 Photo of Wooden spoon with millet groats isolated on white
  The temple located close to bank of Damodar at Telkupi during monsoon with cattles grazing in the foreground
==
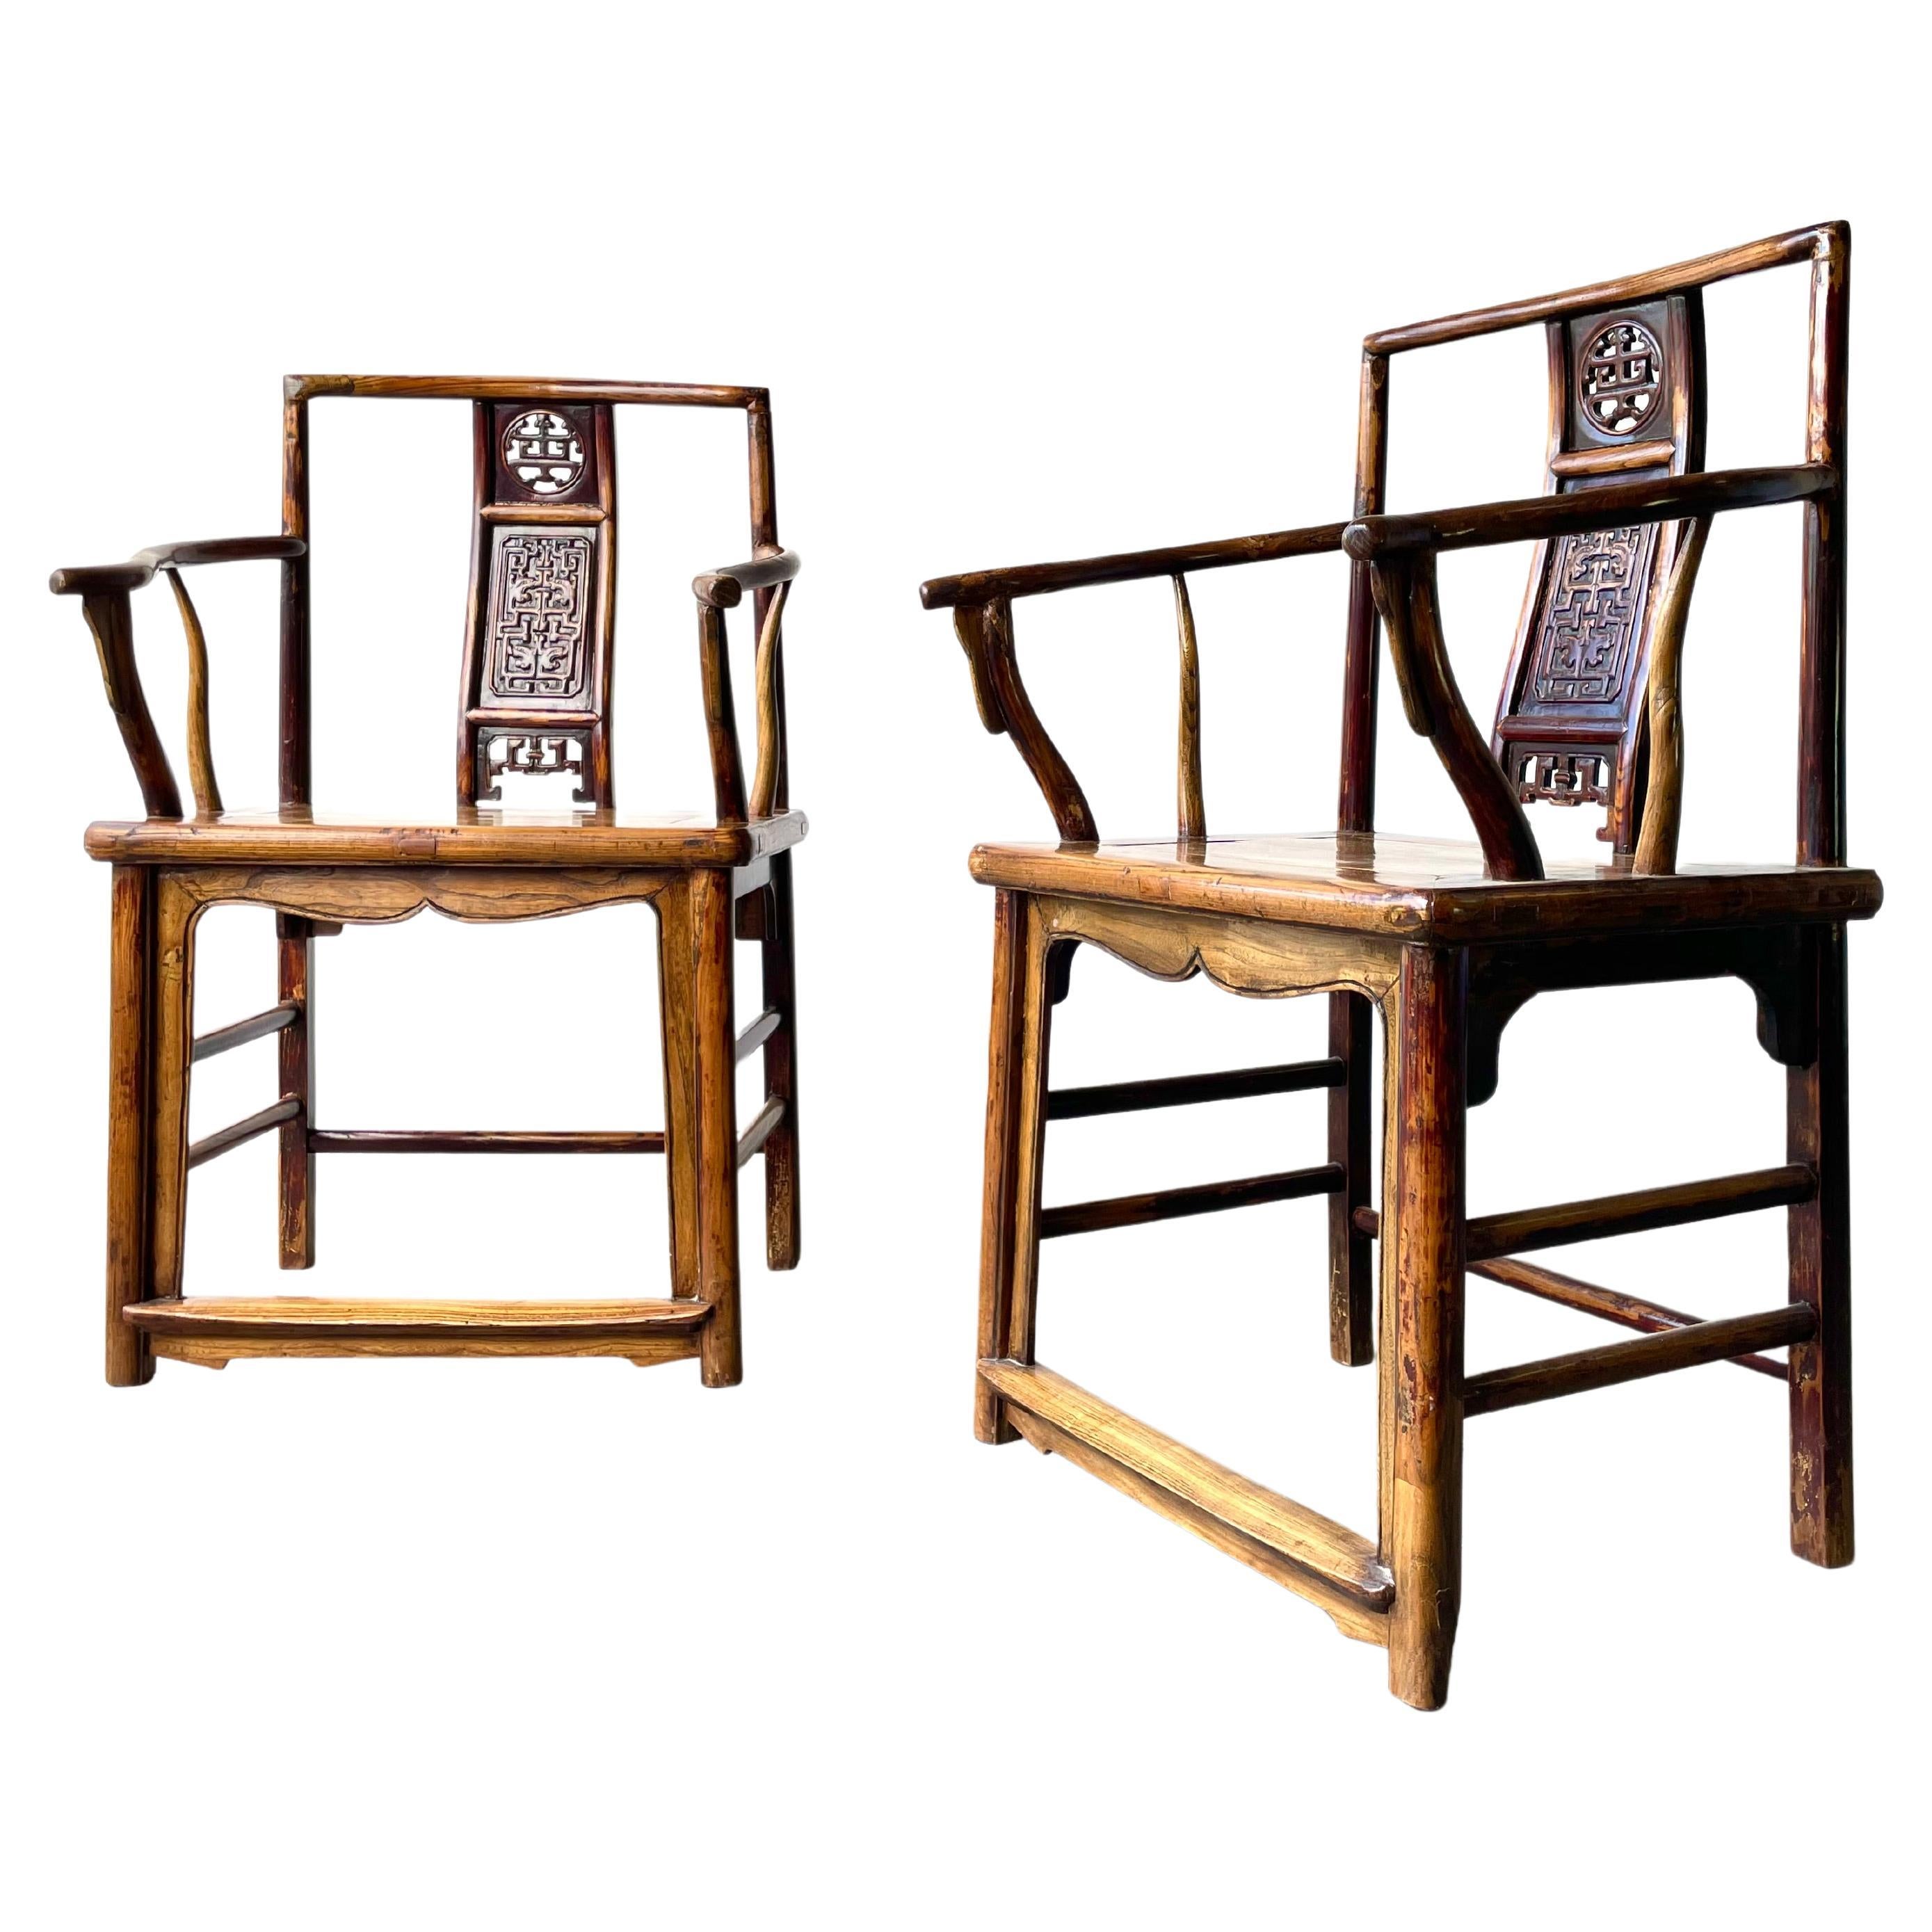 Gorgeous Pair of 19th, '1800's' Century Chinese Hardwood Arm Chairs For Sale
==
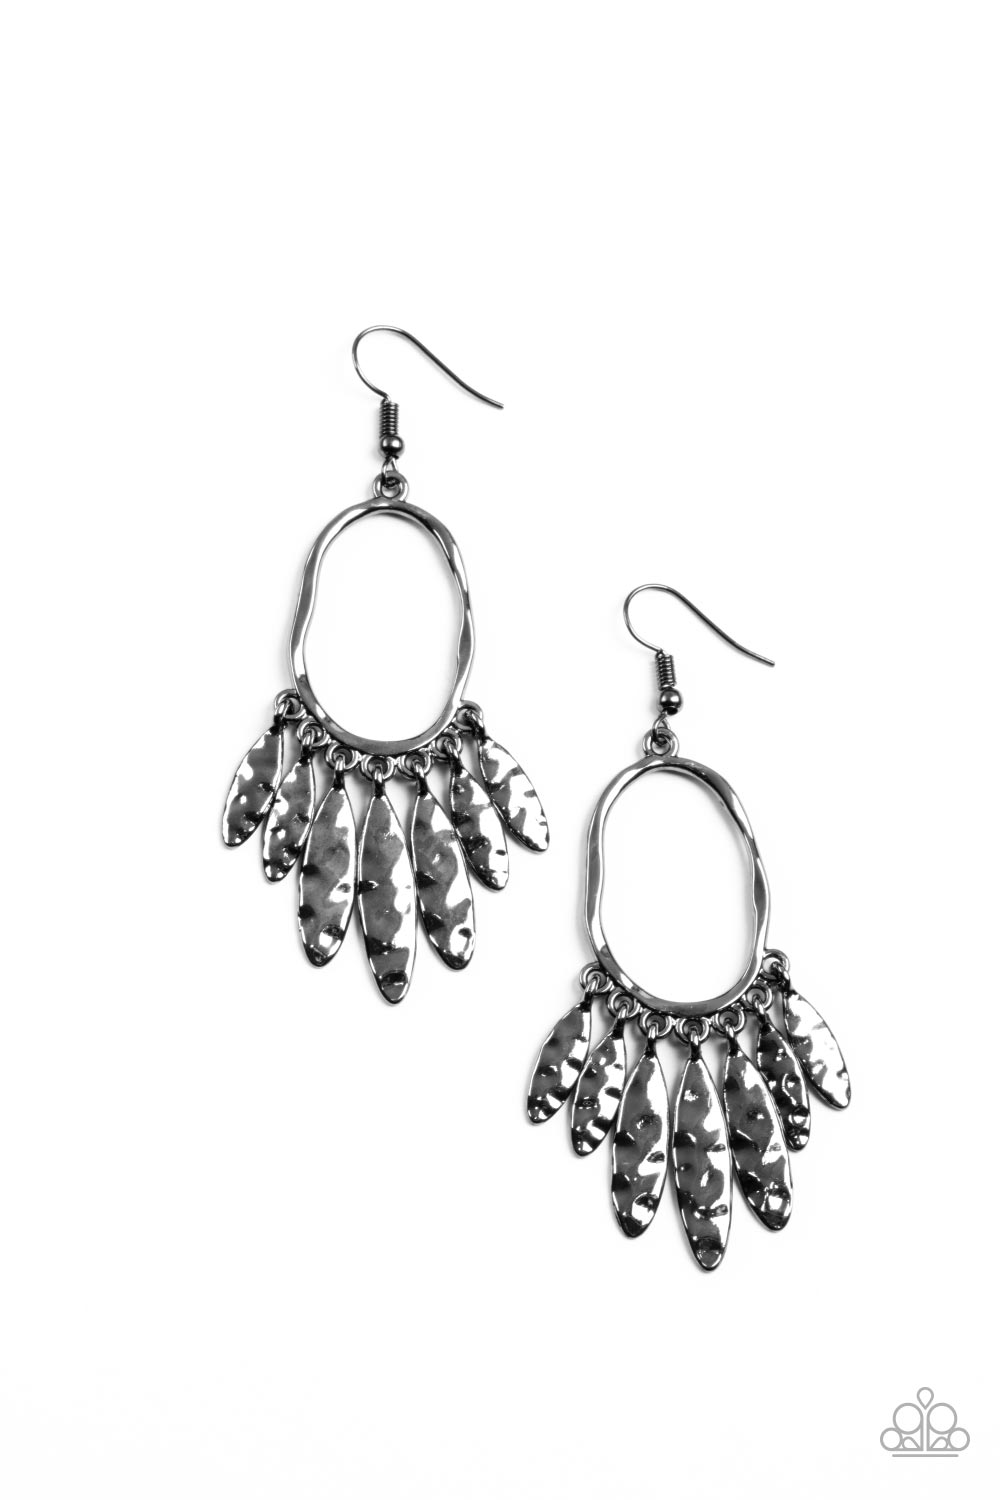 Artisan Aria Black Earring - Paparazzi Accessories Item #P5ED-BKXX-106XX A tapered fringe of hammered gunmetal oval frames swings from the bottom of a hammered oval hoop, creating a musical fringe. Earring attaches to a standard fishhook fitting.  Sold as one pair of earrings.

- [Exercise instructions]
Given the records above, restate word for word only the lines starting at the one with "Photo of Wooden" and ending at the one with "The temple located".

- [Response below]
 Photo of Wooden spoon with millet groats isolated on white
  The temple located close to bank of Damodar at Telkupi during monsoon with cattles grazing in the foreground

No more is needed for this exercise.